Note: A t-test examines the difference between two mean scores to determine if the difference is statistically significant. The denominator for the t-ratios was the pooled within subject variance to control for impact on alpha (Type I error rate) due to multiple comparisons.

The results of another study (Abedi & Lord, 2001) of 1,031 eighth grade students in southern California showed small but significant differences in the scores of students in low and average-level math classes. Among the linguistic features that appeared to contribute to the differences were low-frequency vocabulary and passive voice verb constructions (see Abedi et al., 1997, for discussion of the nature of and rationale for the modifications). Another study (Abedi et al., 1998) of 1,394 eighth graders in schools with high enrollments of Spanish speakers showed that modification of the language of the items contributed to improved performance on 49% of the items; the students generally scored higher on shorter problem statements. Rivera and Stansfield (2001) modified the complex language of science test items and compared student performance on regular and simplified fourth and sixth grade items. Although the small sample size did not show significant differences in scores for English language learners, the study did demonstrate that linguistic simplification did not affect the scores of the English-proficient students, indicating that linguistic simplification is not a threat to score comparability.

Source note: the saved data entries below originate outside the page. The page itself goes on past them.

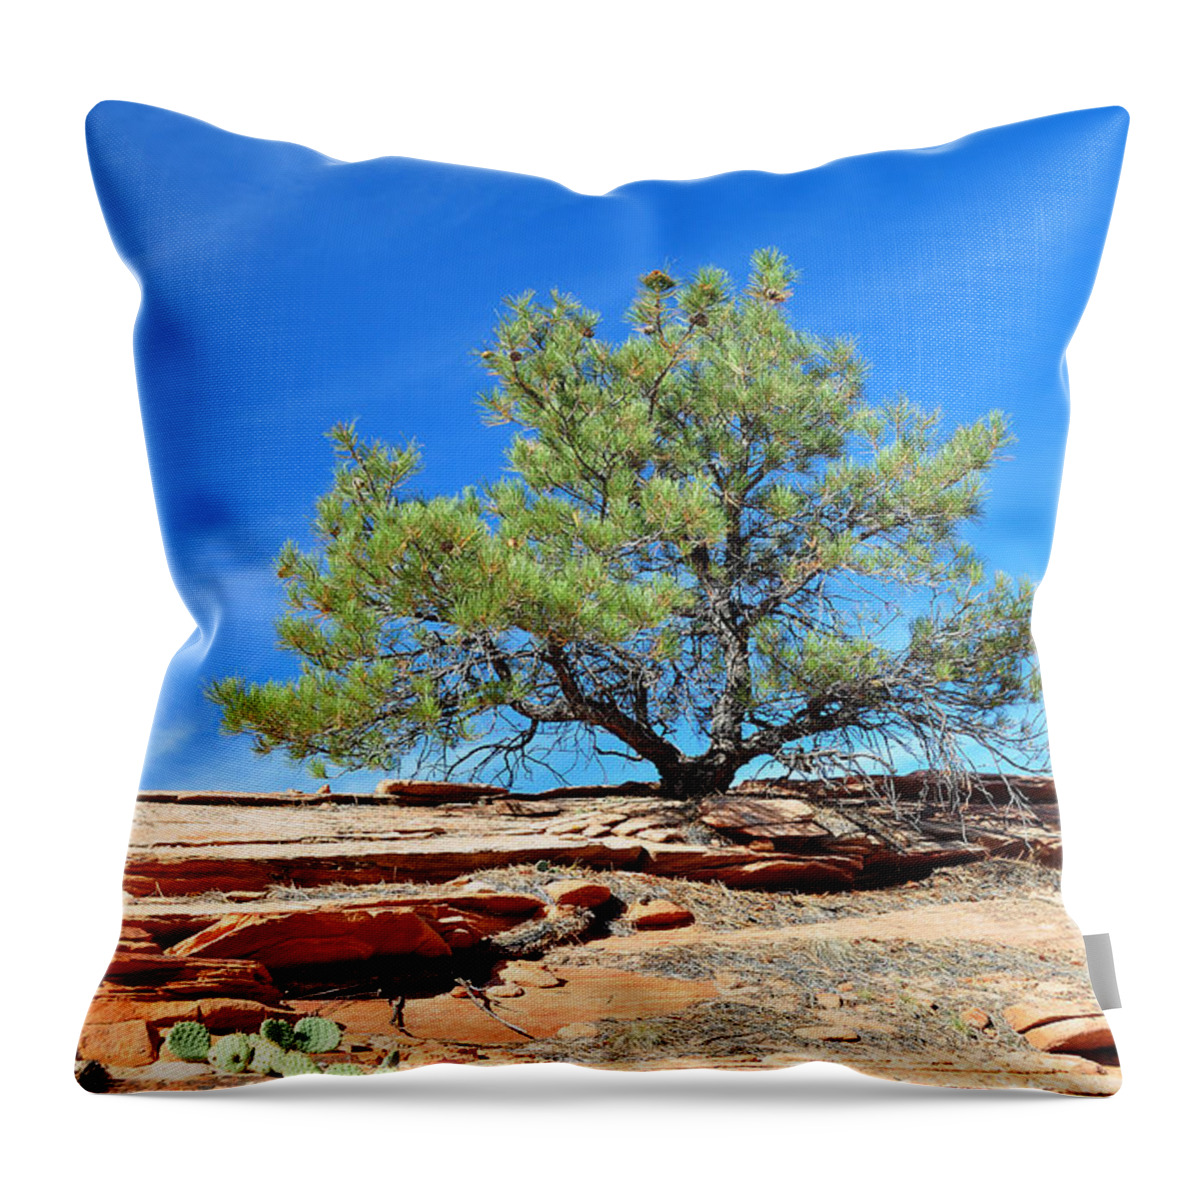 Zion Throw Pillow featuring the photograph Clinging Tree in Zion National Park by Bruce Gourley
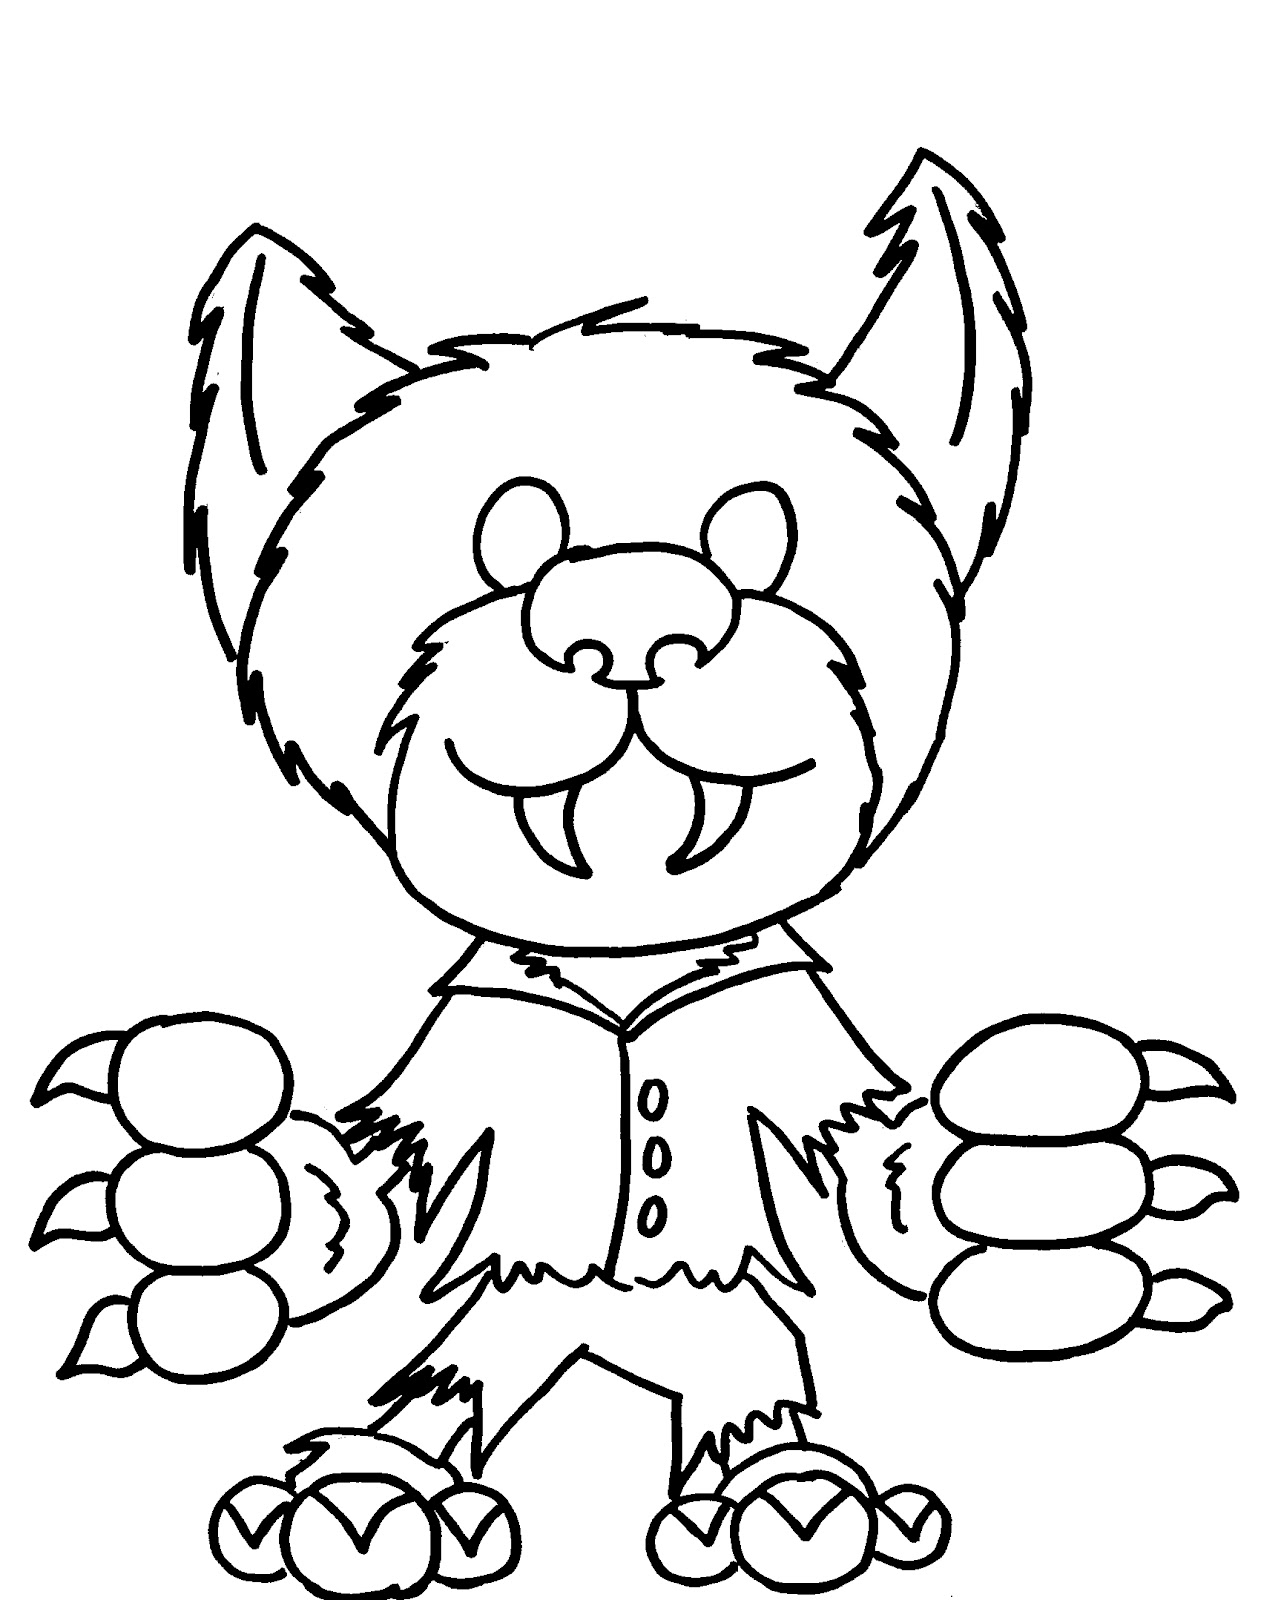 Cute Werewolf Coloring - Play Free Coloring Game Online
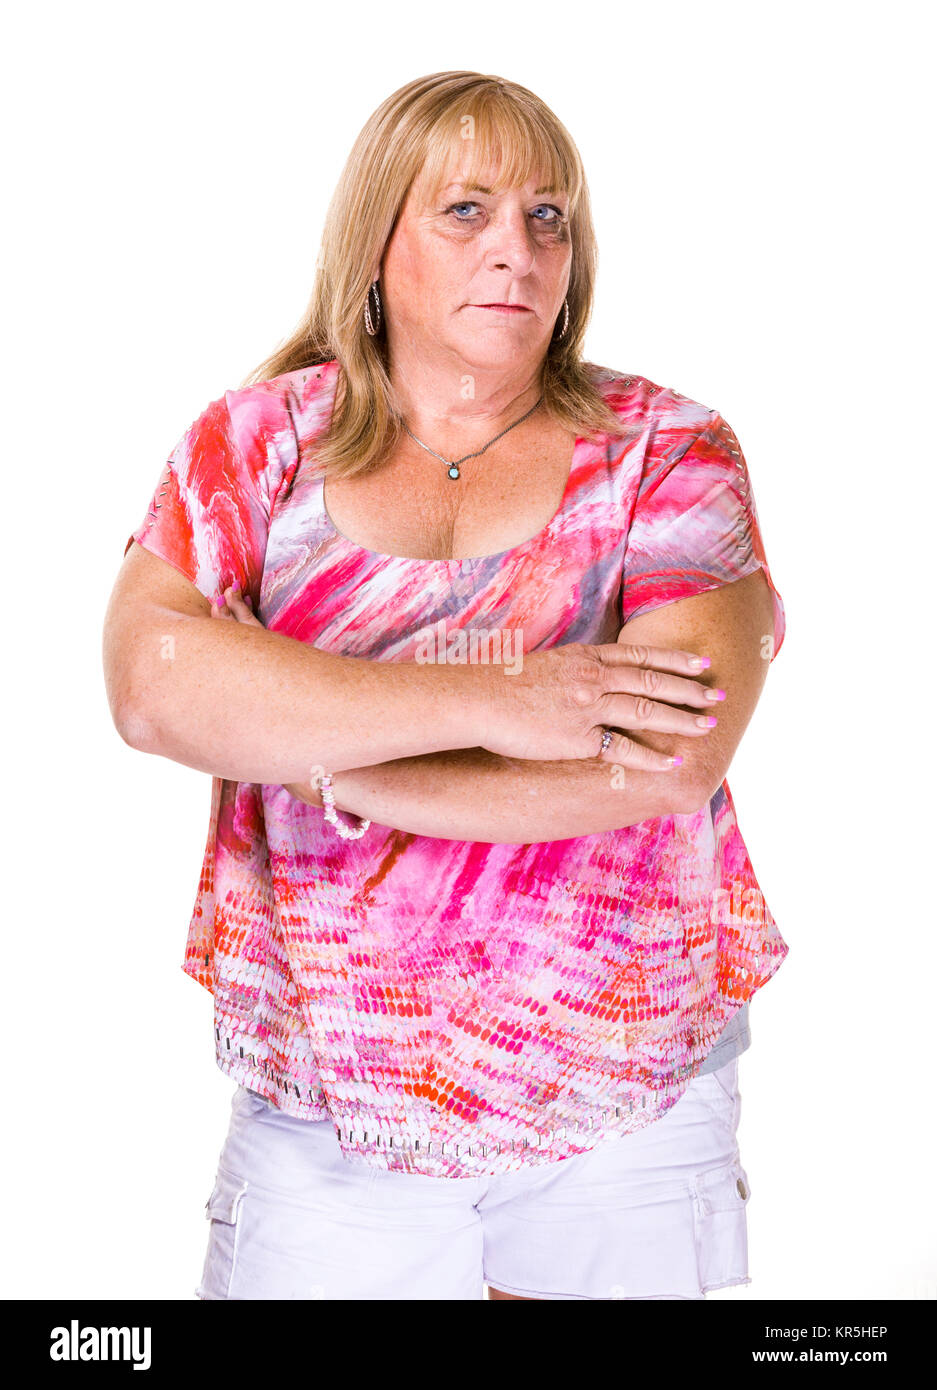 Skeptical or Angry Mature Transgender Woman Stock Photo
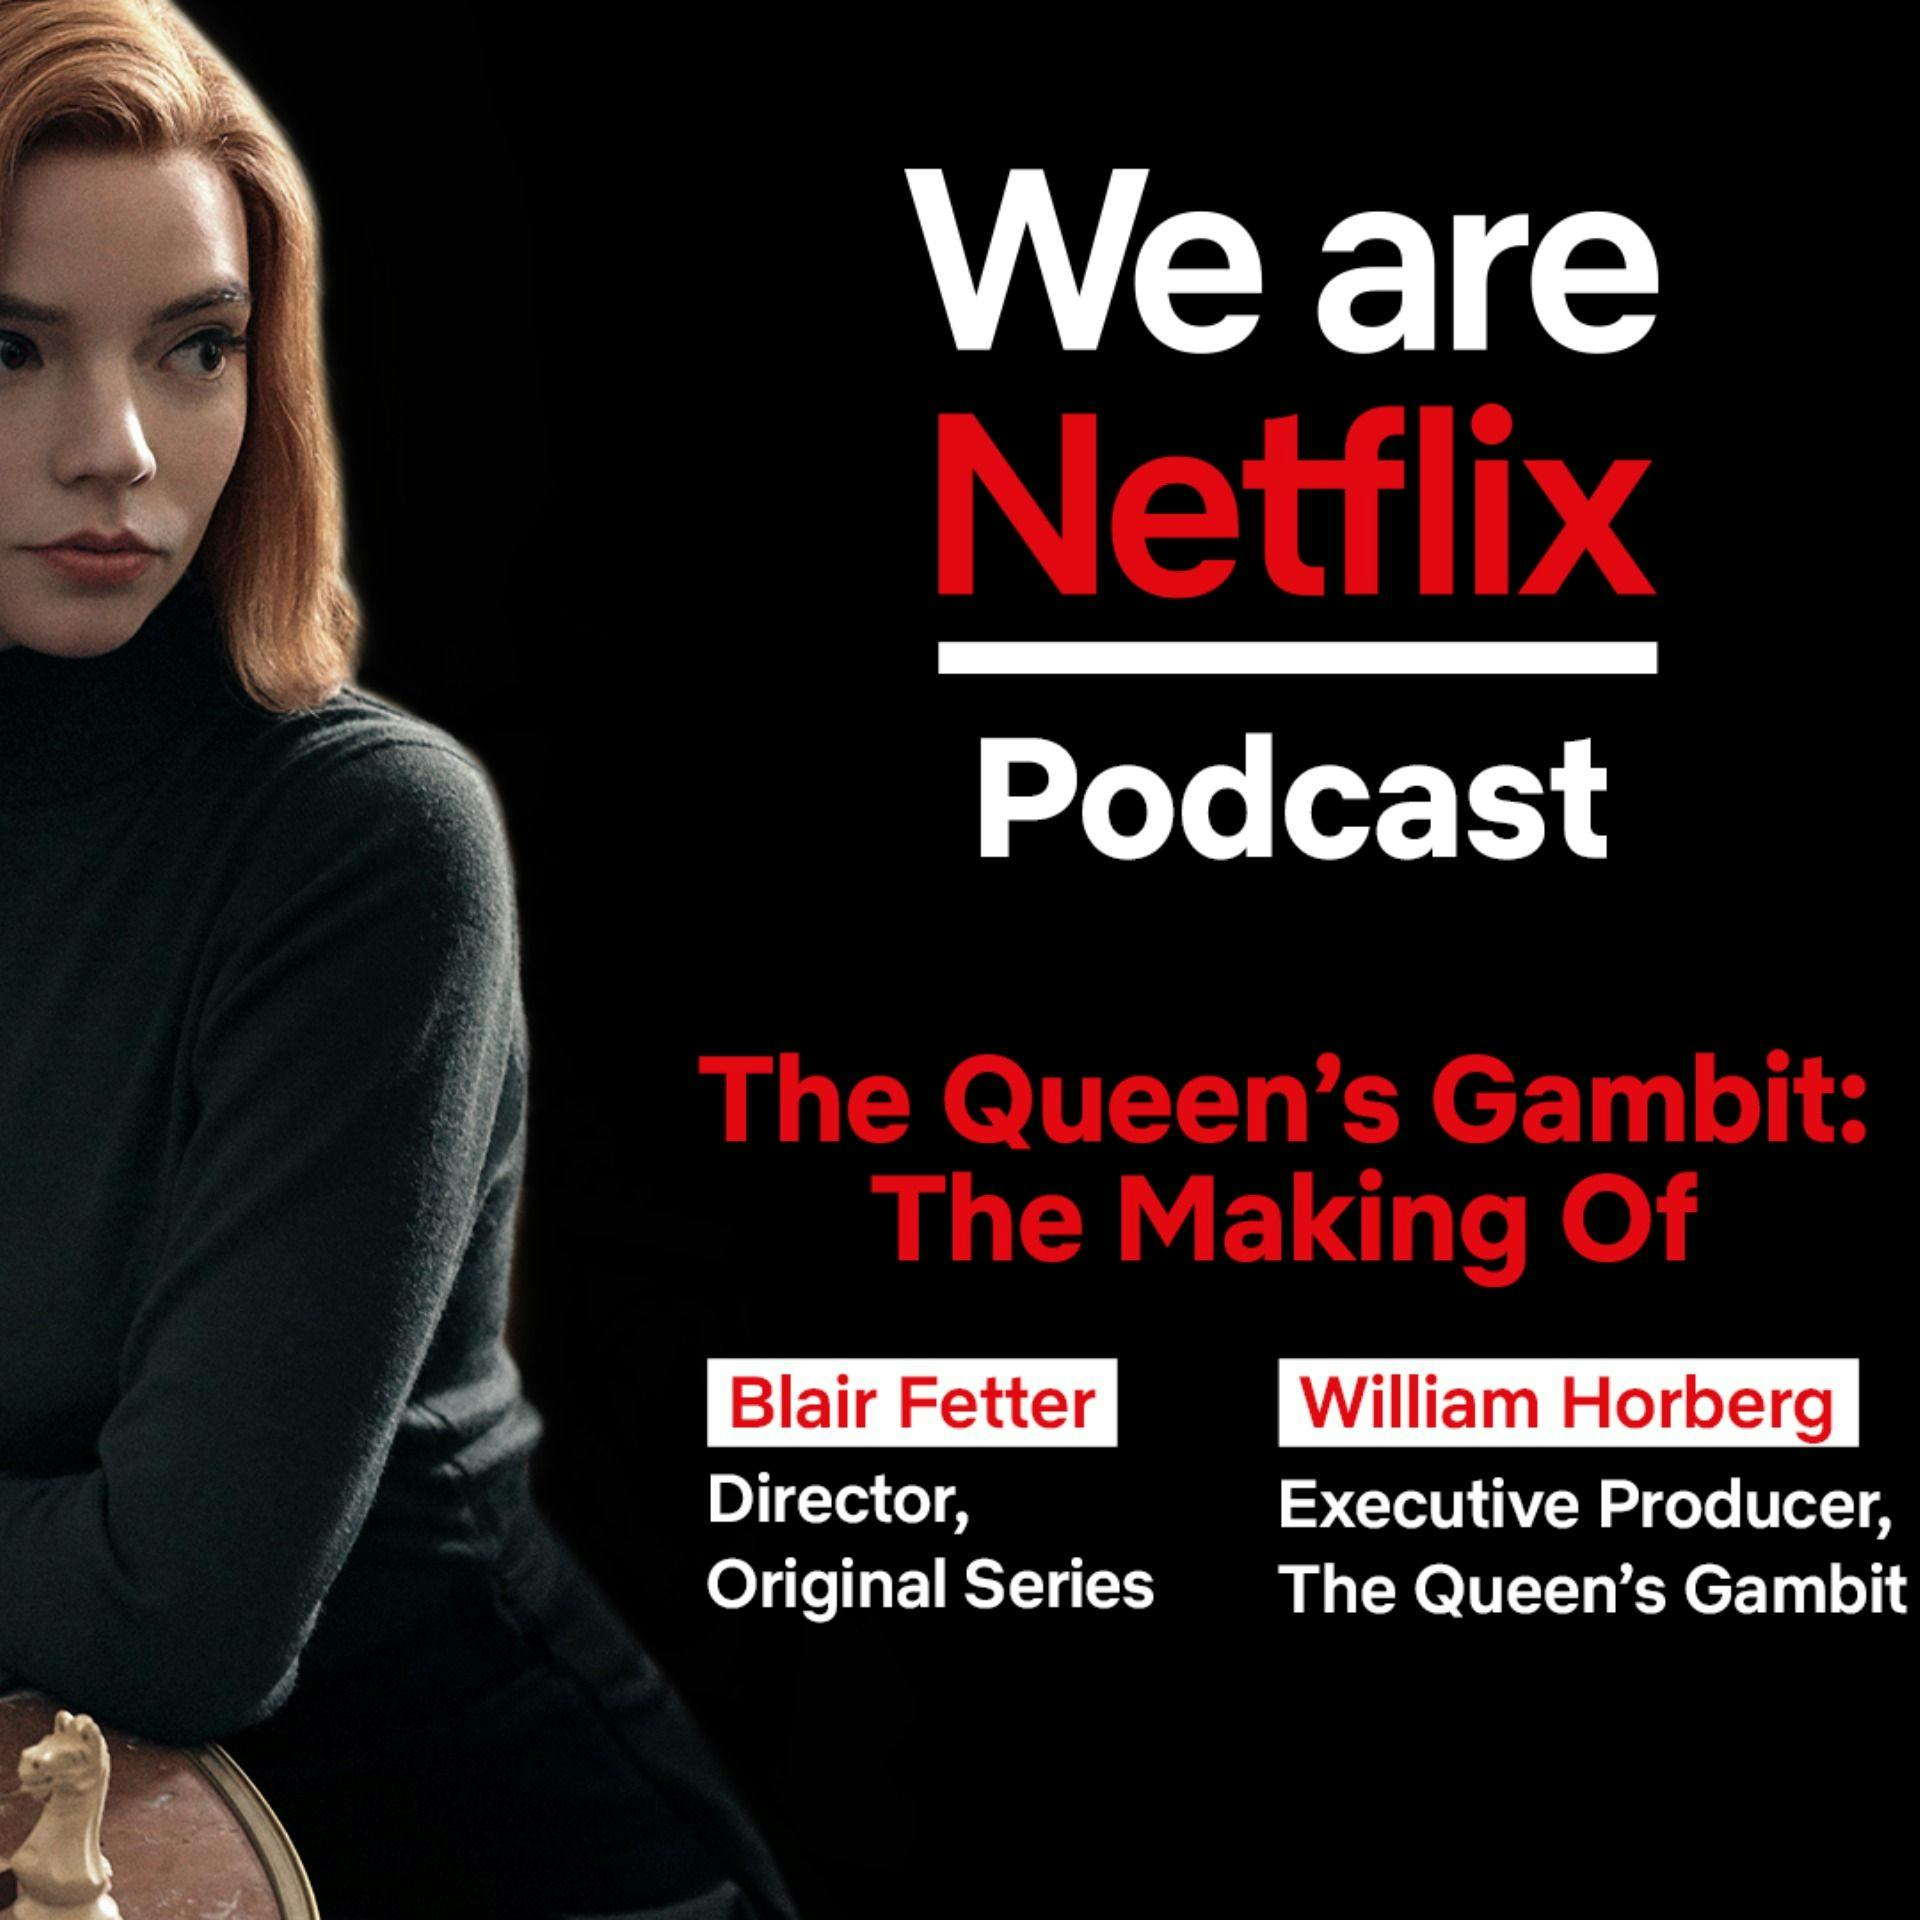 The Queen's Gambit: The Making Of
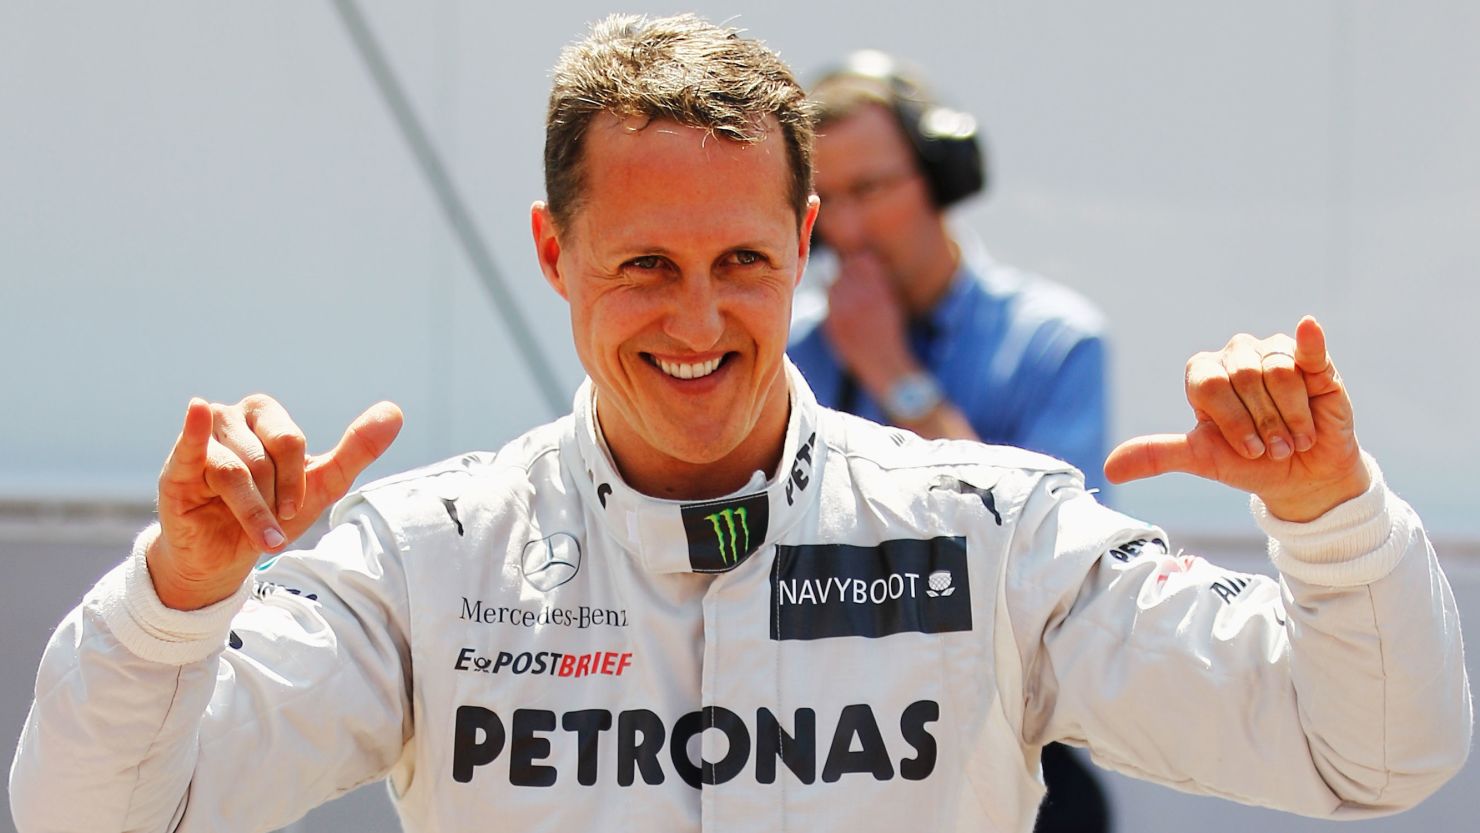 Michael Schumacher is determined to mark his 300th F1 appearance with a good display.

Extra time is a popular and easily implemented accommodation strategy and may lead to higher scores for English learners (Hafner, 2001; Kopriva, 2000). The results of several studies indicated that extra time helps ELL students. For example, extra time helped eighth grade English learners on NAEP math tests, but it also aided students already proficient in English, thus limiting its potential as an assessment accommodation (Abedi et al., 1998; Abedi et al., 2000; Hafner, 2001).

Commercially published English dictionaries are also used as a form of accommodations for ELL students. In a study, English dictionaries were provided to urban middle school students in Minnesota during a reading test (Thurlow, 2001). The results indicated that some students benefited from this accommodation. This accommodation strategy has an advantage in that students are probably already familiar with using dictionaries. However, commercially available dictionaries differ widely; some have entries in "plain language" that English learners can understand (Kopriva, 2000). Abedi, Courtney, Leon, Mirocha & Goldberg (2001) used a published dictionary as a form of accommodation for students in grades four and eight in several locations nationwide. They found the published dictionary was not effective and was administratively difficult. A major concern in the use of published dictionaries is the possibility that they may provide information that the test is measuring. Thus, dictionary as a form of accommodation may jeopardize the validity of assessment.

Another study of 422 students in eighth grade science classes (Abedi, Lord, Kim, & Miyoshi, 2000) compared performance on NAEP science items that were randomly distributed among students in three test formats: one booklet in original format (no accommodation); one booklet with an English glossary and Spanish translations in the margins; and one booklet with a customized English dictionary at the end of the test booklet. The customized dictionary included only words that appeared in the test items. English learners scored highest on the customized dictionary accommodation (their mean scores for the three formats were 8.36, 8.51, and 10.18, respectively, on a 20-item test). Interestingly, although the accommodations helped the English learners score higher, for the English-proficient students there was no significant difference between their scores in the three test formats. This suggests that the accommodation strategies did not affect the construct.

Validity

What do research findings suggest about the validity of scores from accommodated assessments? Reducing the performance gap between ELL and English-proficient students is desirable, but only if the accommodations do not give an unfair advantage to the recipients (Shepard, Taylor, & Betebenner, 1998). The results of CRESST studies showed that some accommodation strategies helped both ELL and English-proficient students. For example, Abedi et al. (2000) showed that both ELL and English-proficient students benefited substantially from having a glossary plus extra time. However, students who were already proficient in English showed a greater improvement (16%) than the ELL students (13%).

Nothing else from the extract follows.